また、ADHDの人自身も「わかっていたらできるはずだ」と思っている場合もほとんどです。そのため、「自分はわかっているつもりなのに、本当はわかっていない頭の悪い人間だ」「意思の弱いダメな人間だ」など、低い自己評価をしてしまうことが多いです。このように「わかっているけどできない」という特性は、周囲や自分が「できないのはわからないからだ」と思い込んでいるがために、人間関係のうまくいかなさや、自己評価の低下に繋がってしまうことになるのです。

「わかっていてもできない」ことへの対処法

・工夫!

それでは、この「わかっていてもできない」ことについて、どのようにすればいいのでしょうか。その答えとしては「工夫」となります。「わかっていてもできない」ことを、少しでも「できる」ようにするのが工夫となるのです。

・わかるとできるを区別しよう

工夫をしよう!となるためには、まずは自分自身で「わかる」と「できる」を区別することが必要です。わかっていないからできないのだ、と思ったままでは「気をつけよう」「注意しよう」となってしまって「工夫をしよう」とはなりません。まずは自分は「わかる」が「できない」のだ、ということをしっかりと理解することが必要です。
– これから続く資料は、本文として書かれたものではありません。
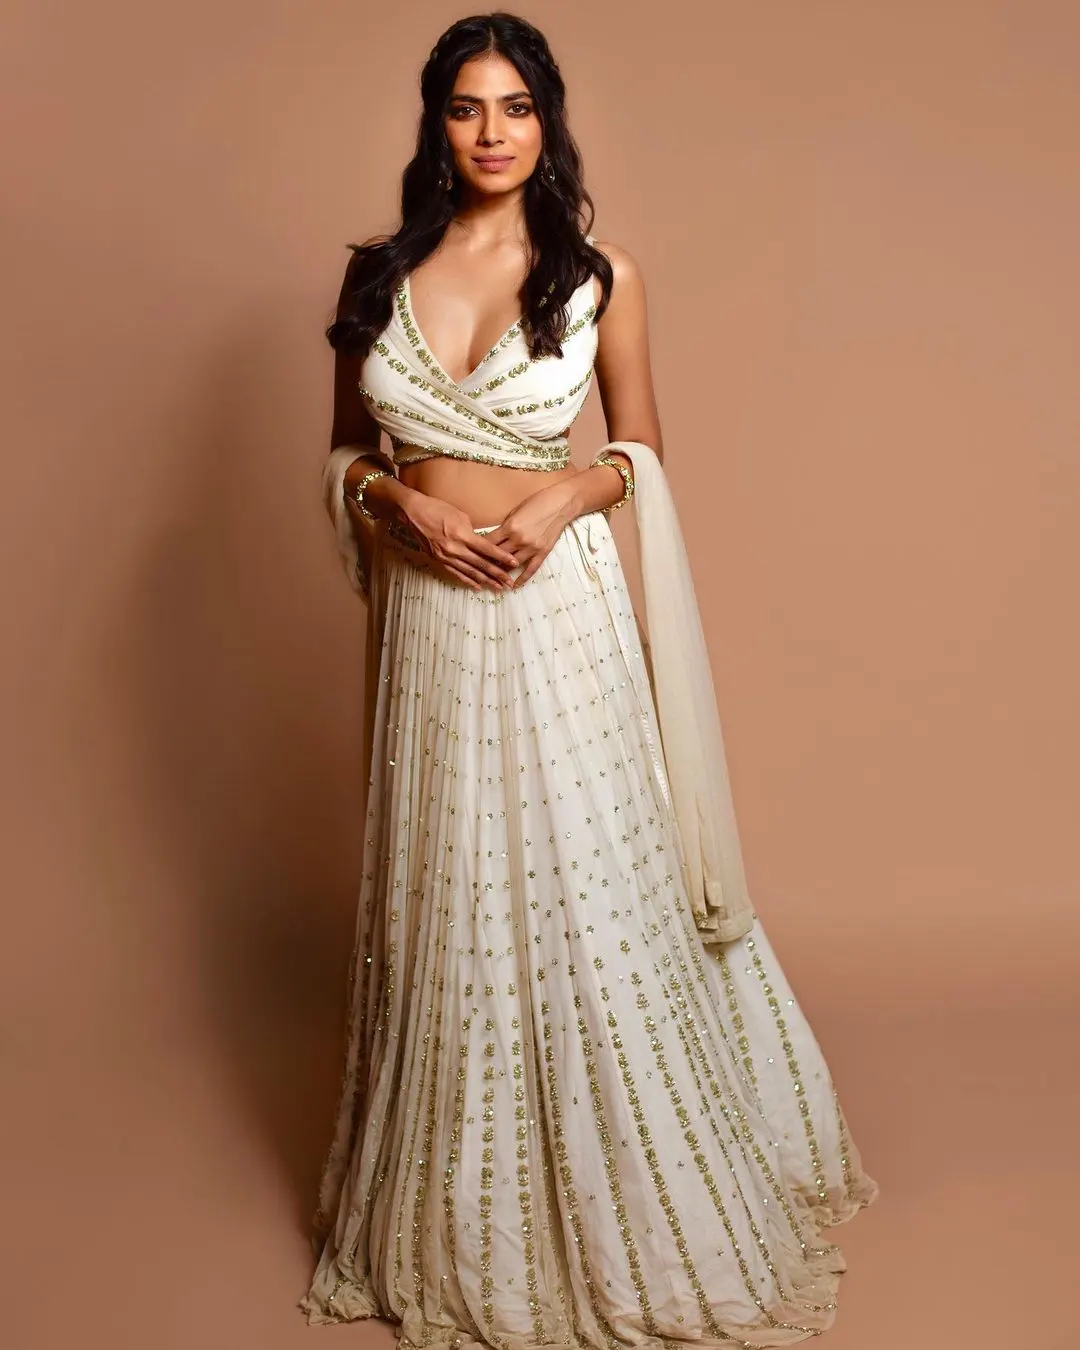 Malvika Mohanan Gorgeous Photos in White Dress
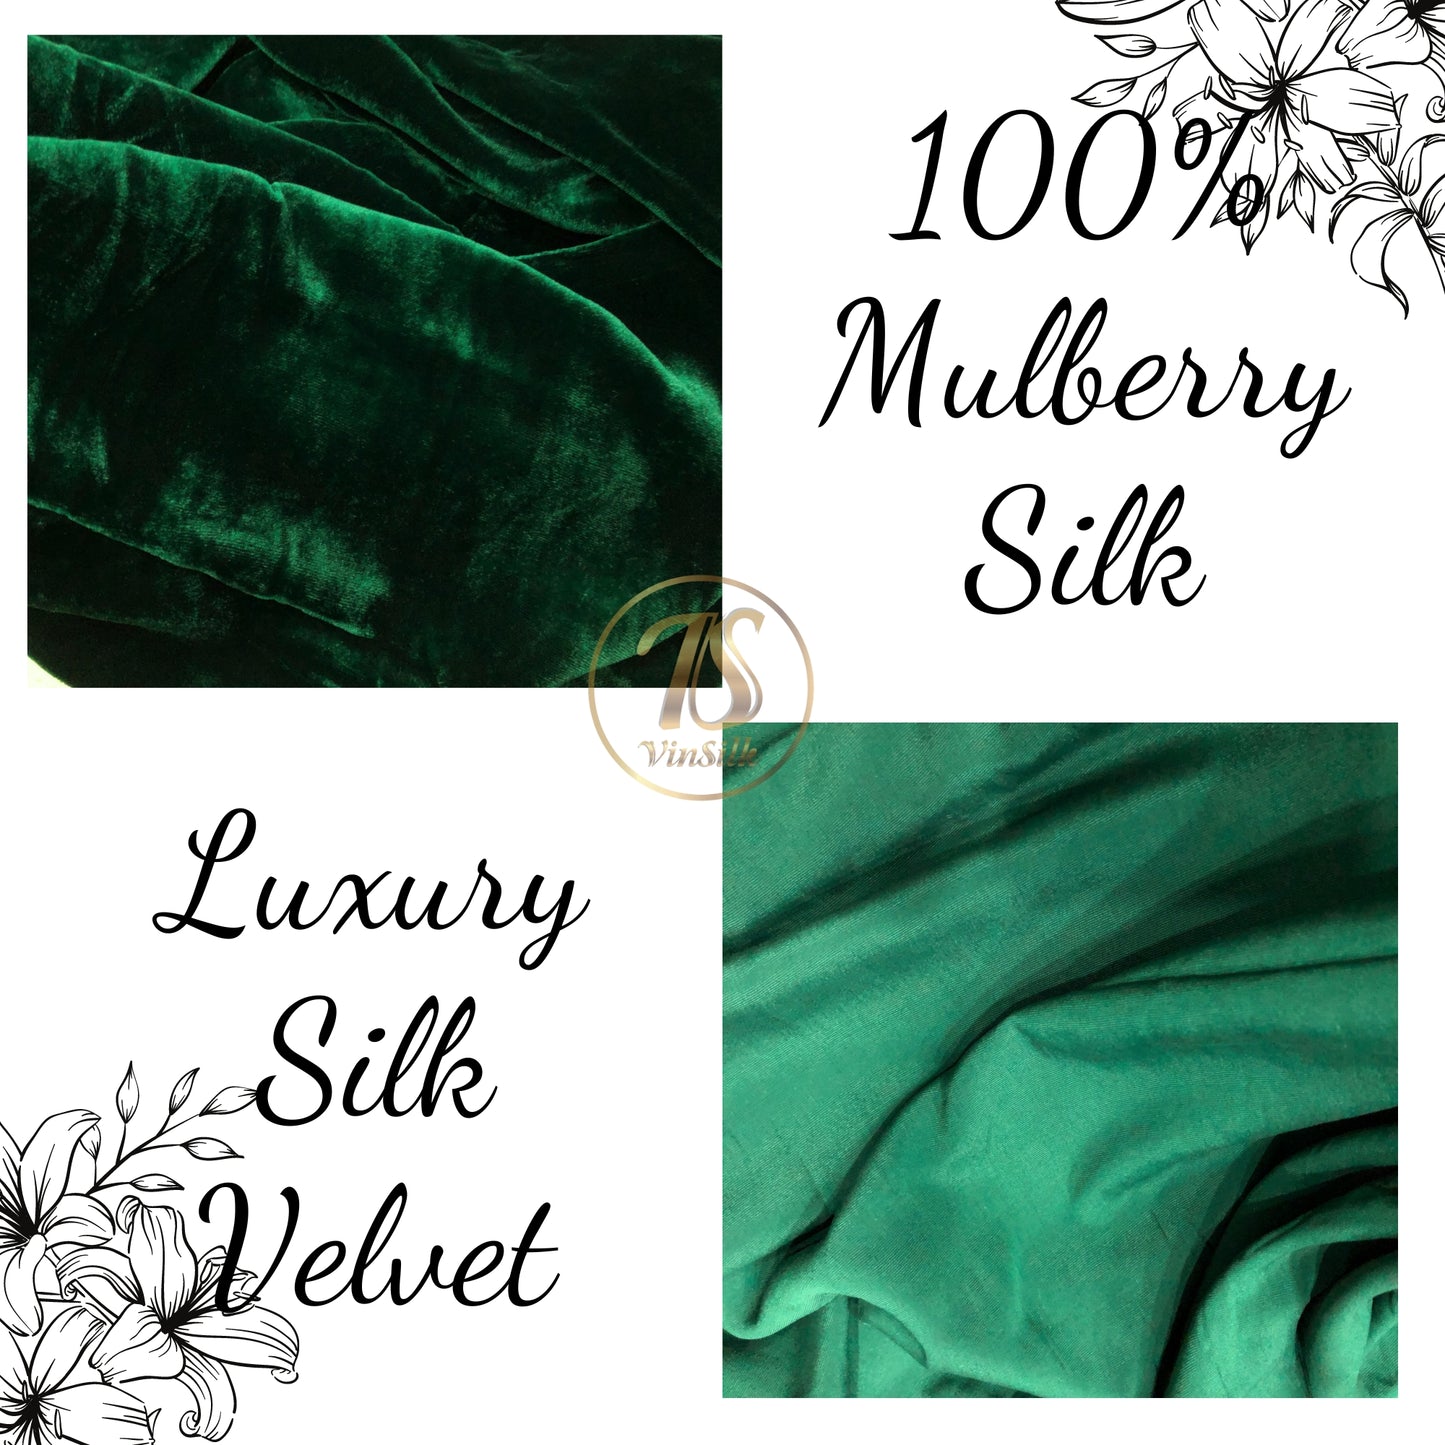 100% MULBERRY SILK VELVET fabric by the yard - Luxury Silk Velvet for Dress, Skirt, High End Garment - Silk apparel fabric - Green silk velvet

ただし、周囲は変わらず「できないのはわからないからだ」と思っています。そのため、注意された時は周囲に「気をつけます」「注意します」と答える必要はあります。しかし、その時でも心の中では「わかっていてもできないんだよ」とつぶやいておきましょう。

・工夫を体感しよう

「わかっているけどできない」ことが自分の特徴だとわかったら、できないことに対して、具体的な工夫を行っていきましょう。カウンセリングなどで専門家からアドバイスを受けることも良いですが、本にはすぐに取り組める工夫が詰まっています。まずはここから、参考にしてみると良いでしょう。ちなみに以下の二冊は、職場でうまくいかない人に最初に勧める本です。

ちょっとしたことでうまくいく 発達障害の人が上手に働くための本

発達障害の僕が「食える人」に変わった すごい仕事術

それぞれ専門家、当事者の立場から、職場で「わかっているけどできない」ことに対する工夫について書いてあります。まずはこれらの本の中で、自分が取り組めそうな工夫をはじめてみましょう。

・うまくいった工夫を重ねていこう

工夫をすることで、確実にできることは増えていきます。しかしながら、ADHDの人たちの「わかっていてもできない」という特徴は無くなりません。そのためどうしても、周囲の人がしないようなミスをしてしまって落ち込んだり、怒られてしまうことは出てきてしまいます。

しかしながら、工夫をしていくことで、以前の自分よりも確実にできることは増えていくはずです。自分なりにできるようになったことを確認していくと、少しづつ自信を持てるようになります。焦らずゆっくりと、やっていきましょう。